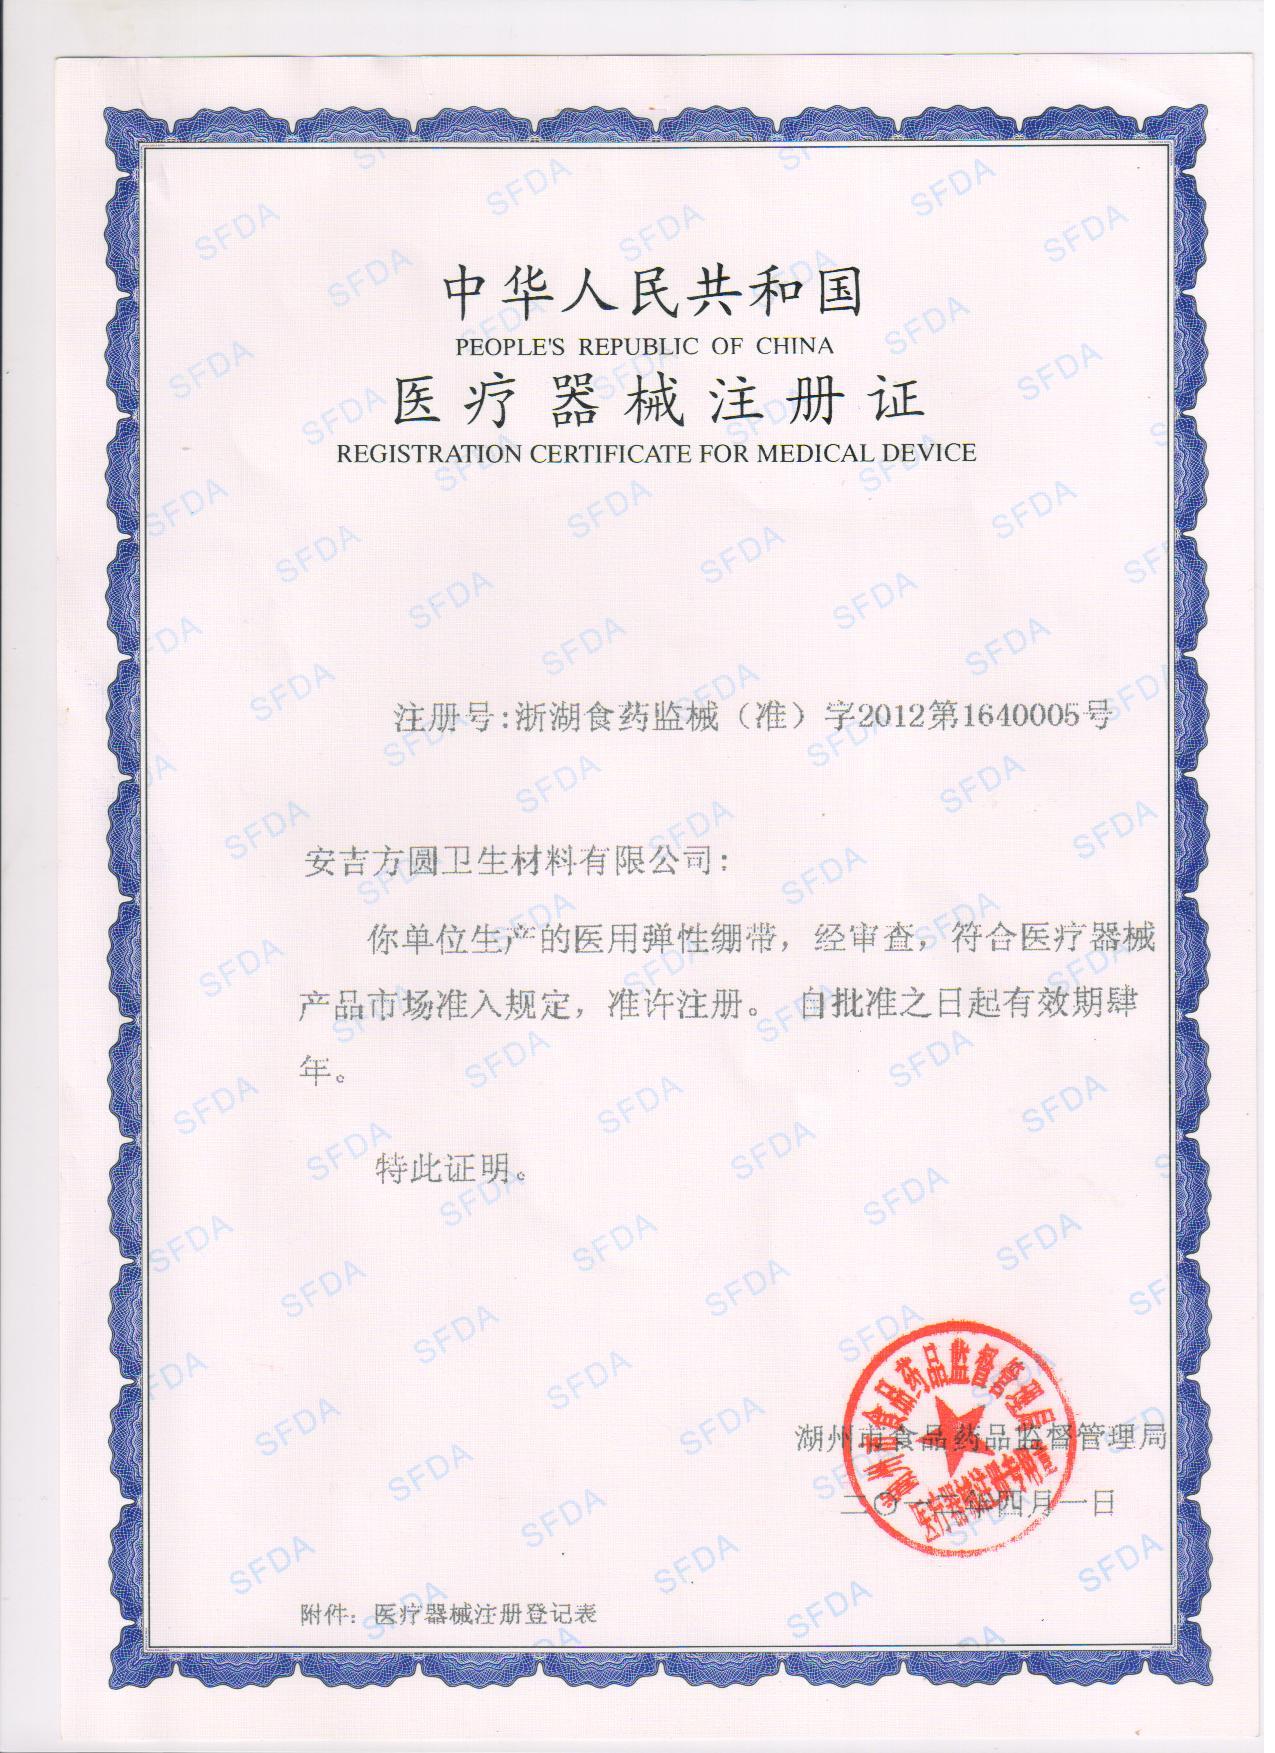 注册证2012.jpg
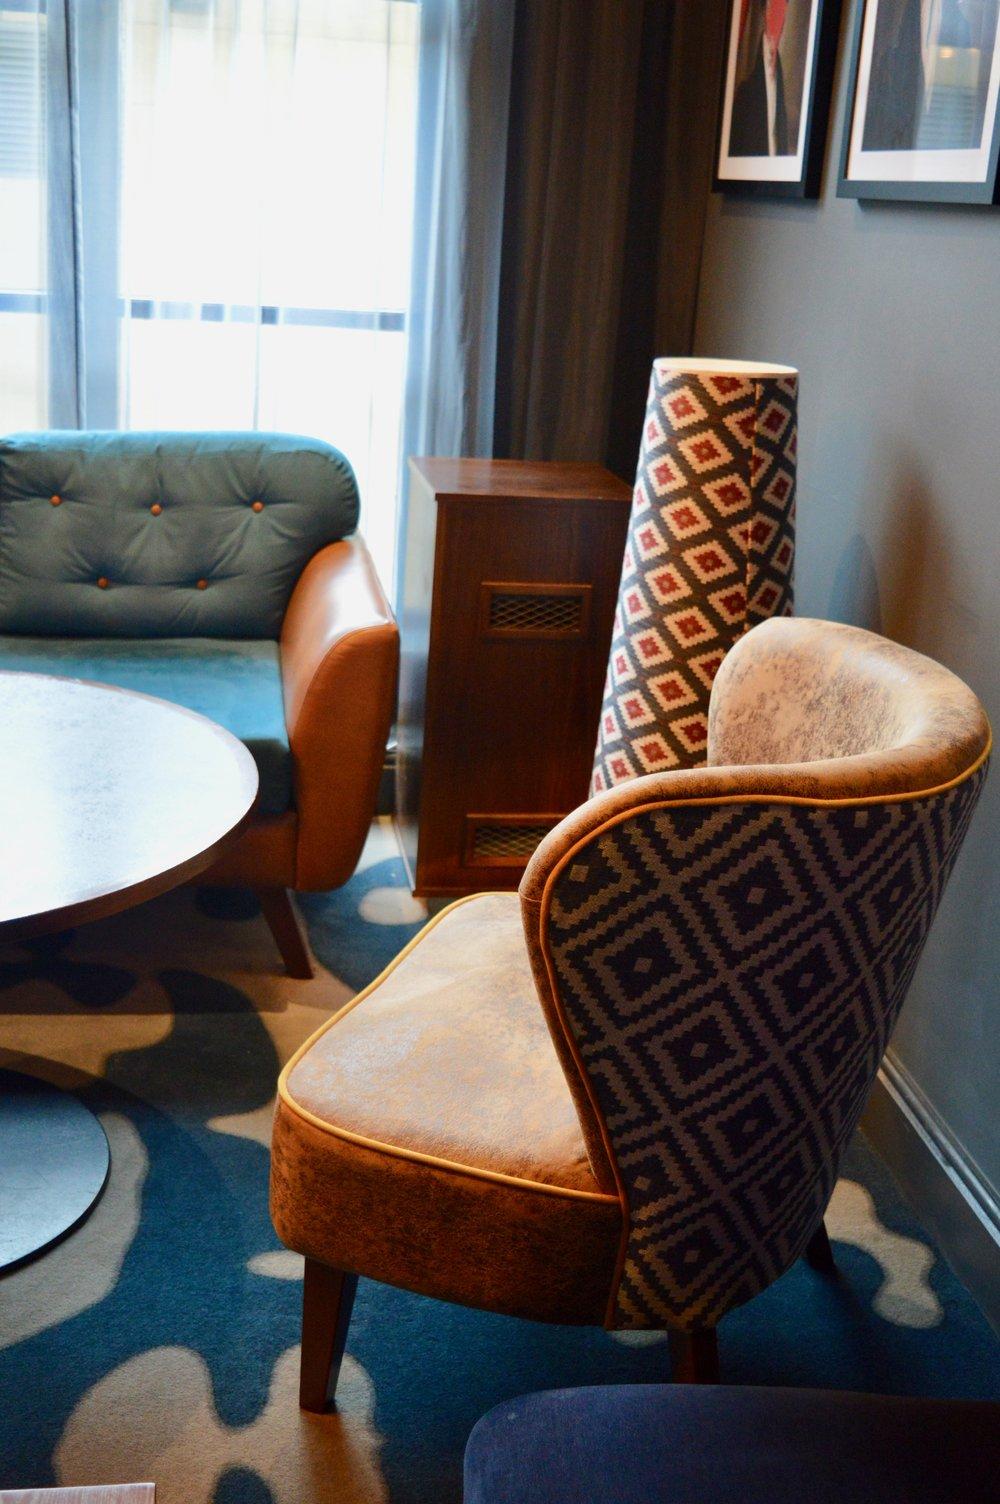 chez_mal_malmaison_newcastle_bar_launch_boutique_hotel_elle_blonde_luxury_lifestyle_blog-2
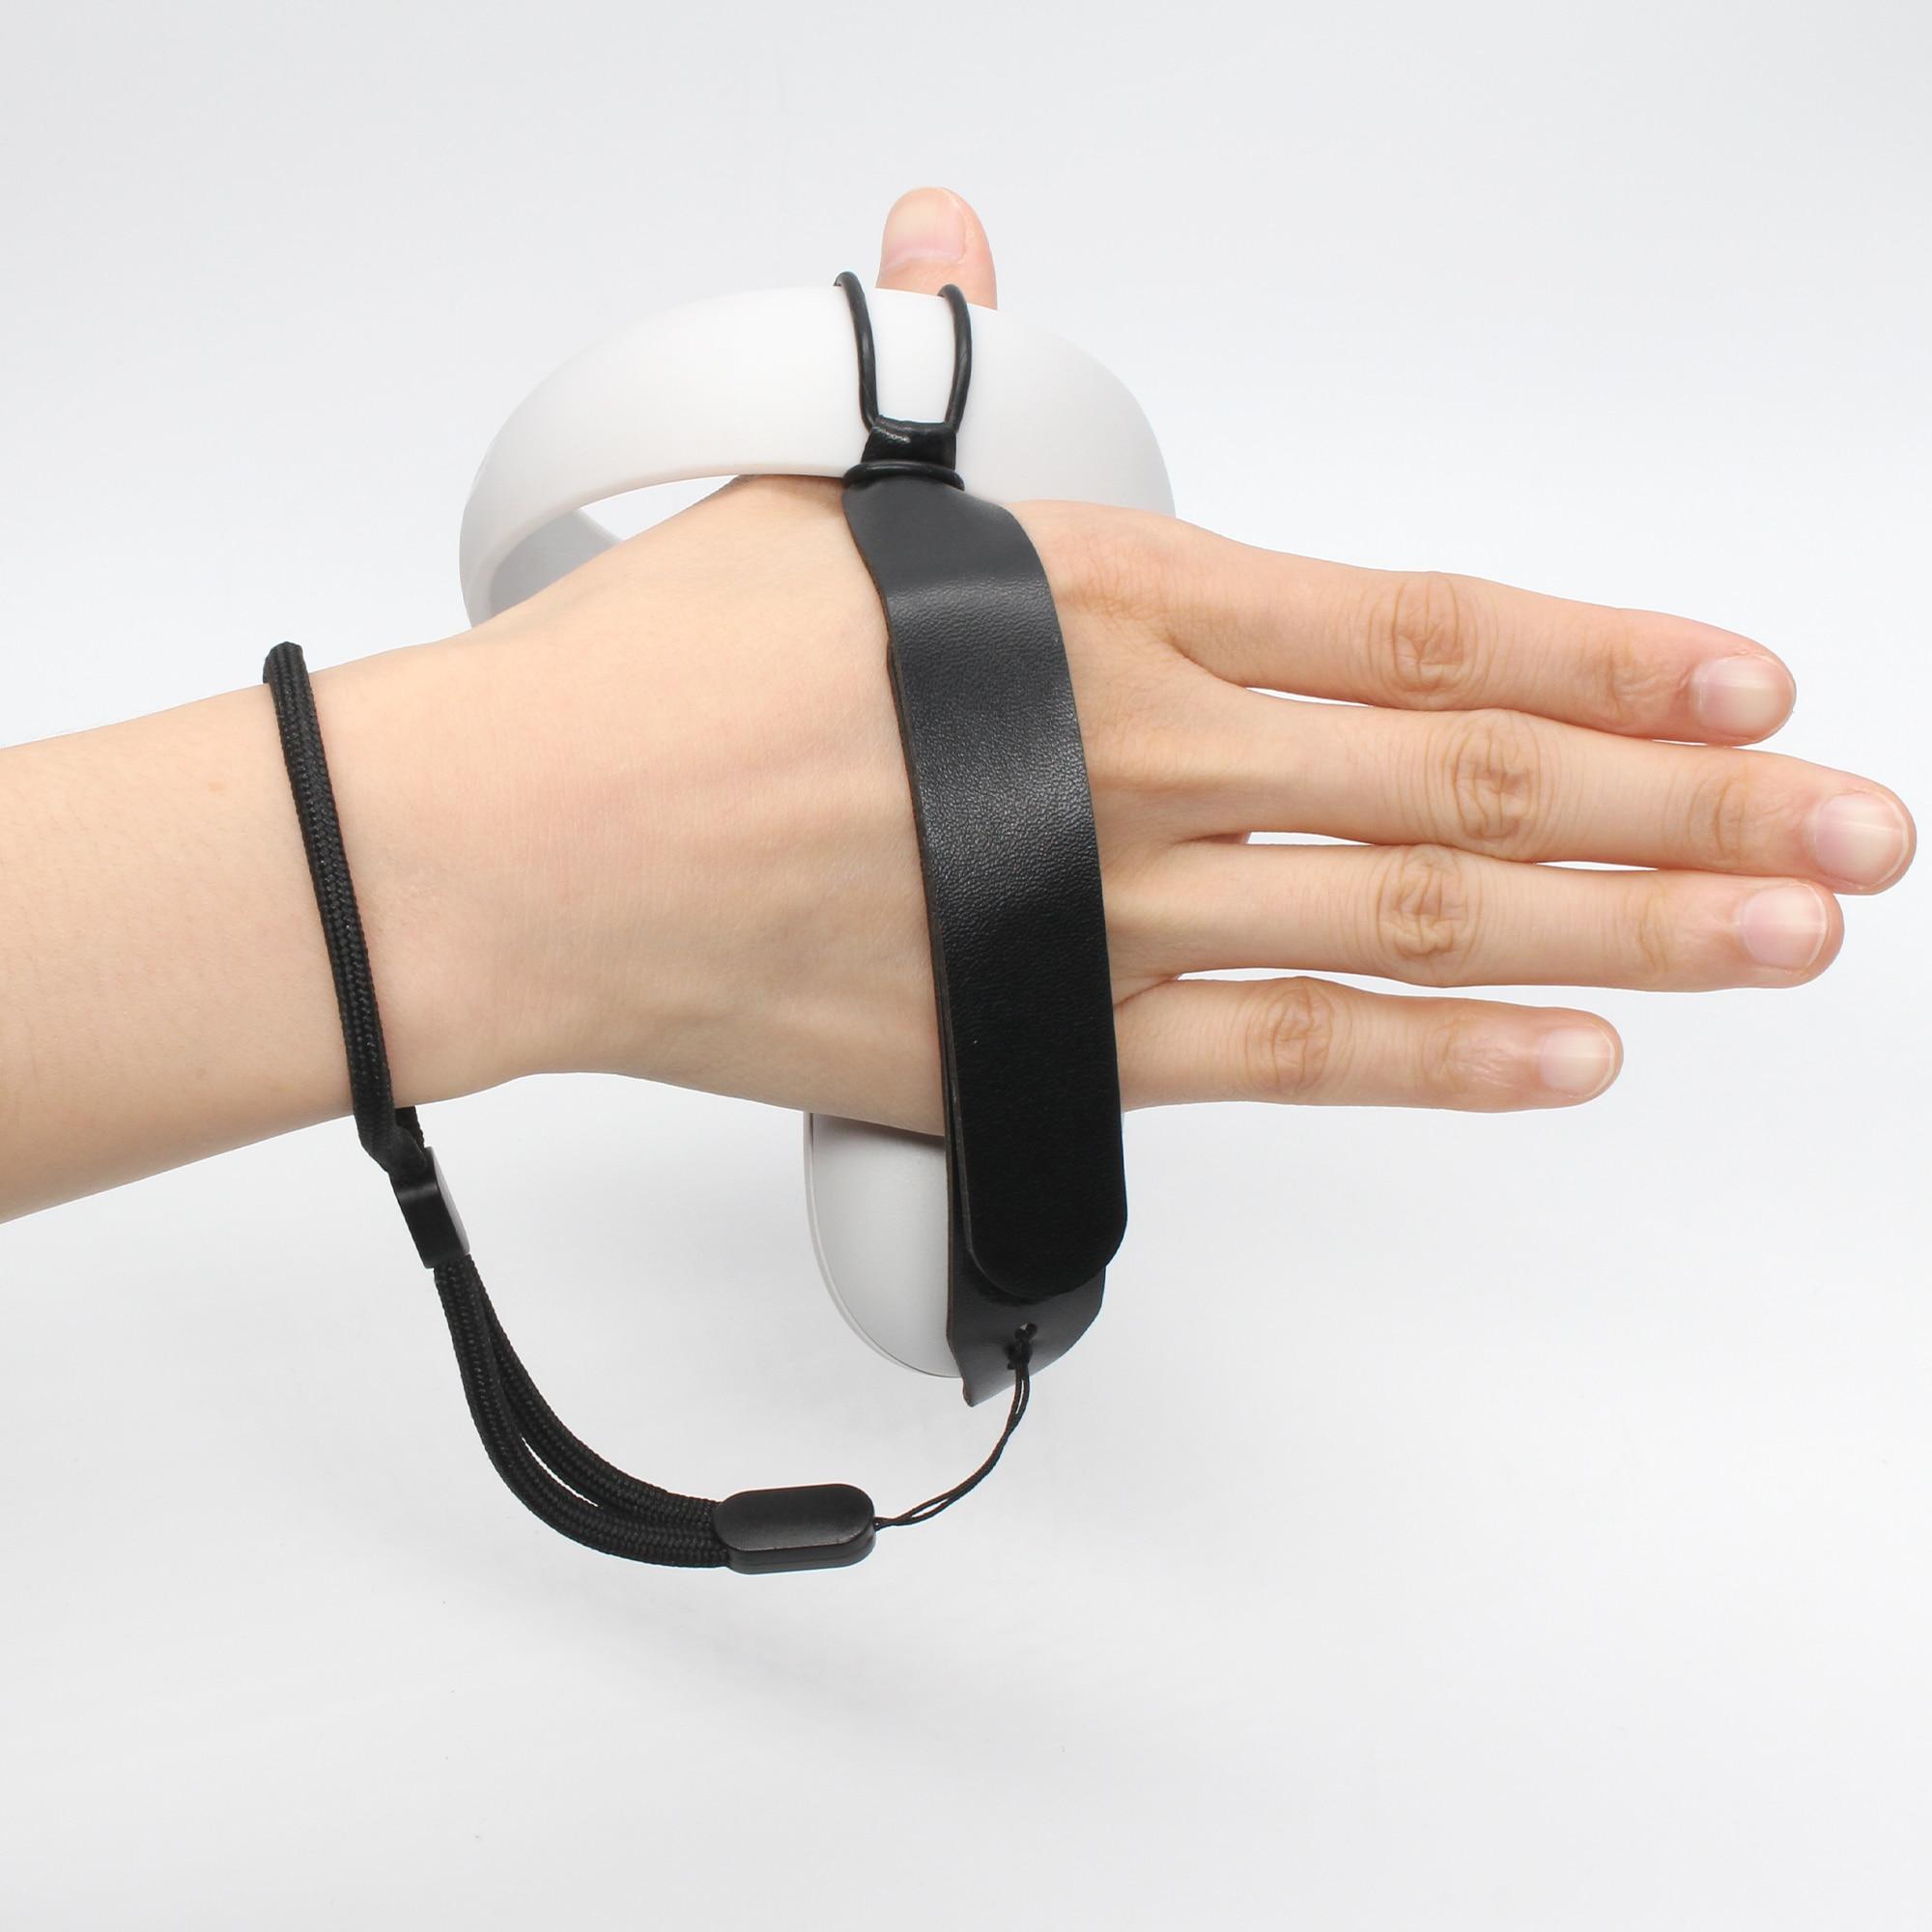 1 paar Knuckle Strap für Oculus Quest 2 VR Touch Controller Grip Einstellbare Knuckle Handgelenk Sling für Oculus Quest 2 zubehör

» **Exercise**
What you hand back should match the listing exactly, except that no pictures appear.

» **Solution for this exercise**
 注册证2012.jpg
 chez_mal_malmaison_newcastle_bar_launch_boutique_hotel_elle_blonde_luxury_lifestyle_blog-2
 1 paar Knuckle Strap für Oculus Quest 2 VR Touch Controller Grip Einstellbare Knuckle Handgelenk Sling für Oculus Quest 2 zubehör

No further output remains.